A Phase I Study And Pharmacokinetics Of Adenosine 5'- Triphosphate (ATP) When Administered By Intravenous Infusion On A Multiple Weekly Dose Schedule To Patients With Advanced Malignancies (Solid Tumors)

RATIONALE: Adenosine triphosphate may decrease weight loss and improve muscle strength in patients with advanced solid tumors.

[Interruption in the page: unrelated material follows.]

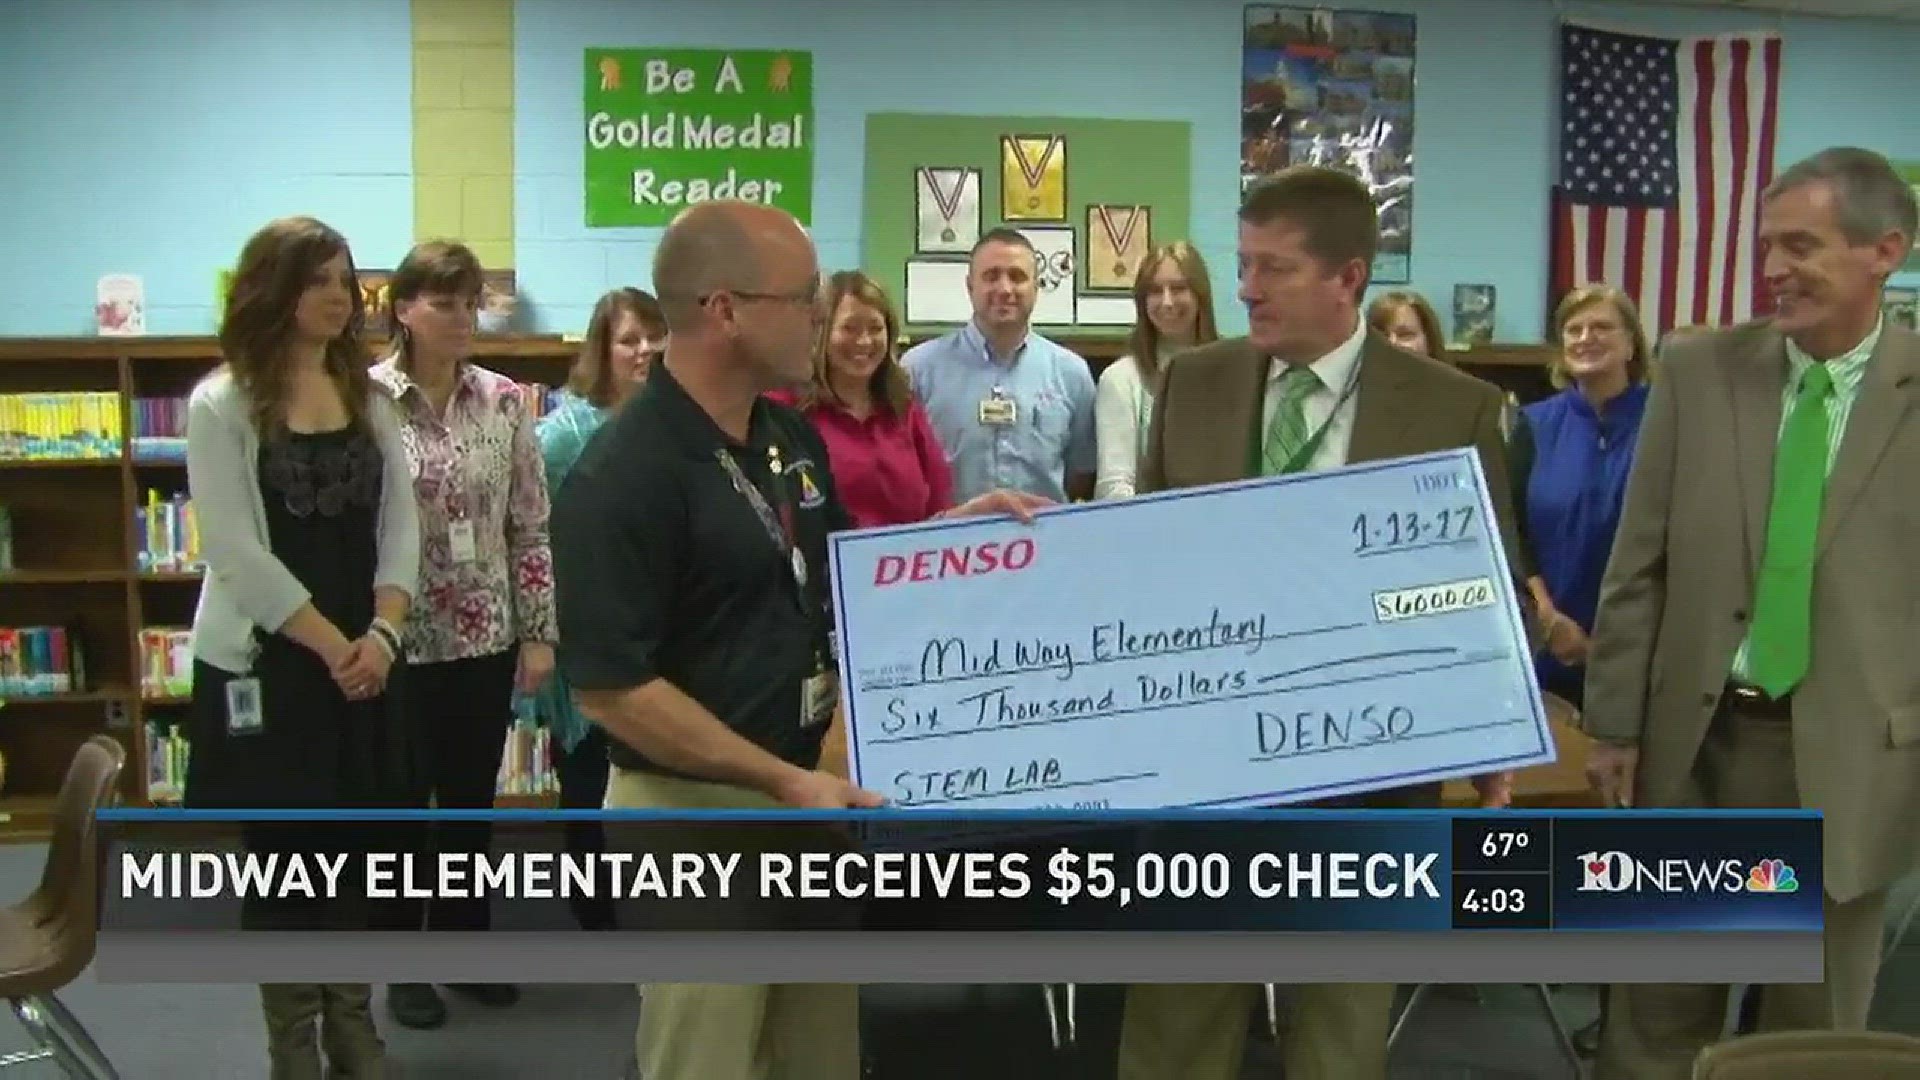 Jan. 13, 2017: Midway Elementary School in Roane County received a donation toward its STEM program from DENSO Manufacturing.

PURPOSE: Phase I trial to study the effectiveness of adenosine triphosphate in controlling loss of weight and loss of muscle mass in patients who have advanced solid tumors.

Study Overview

• Status: Completed
• Conditions: Unspecified Adult Solid Tumor, Protocol Specific; Cachexia
• Intervention / Treatment: Procedure: quality-of-life assessment; Drug: adenosine triphosphate

Detailed Description

OBJECTIVES:

• Determine the individualized maximum tolerated dose of adenosine triphosphate in patients with advanced solid tumors.
• Determine the safety of this regimen in these patients.
• Determine the pharmacokinetics of this regimen in these patients.
• Determine the effect of this regimen on quality of life of these patients.
• Determine the influence of this regimen on cancer cachexia in terms of weight change, percentage of body fat, voluntary muscle strength, and plasma markers in these patients.
• Determine the effect of this regimen on tumor burden in these patients.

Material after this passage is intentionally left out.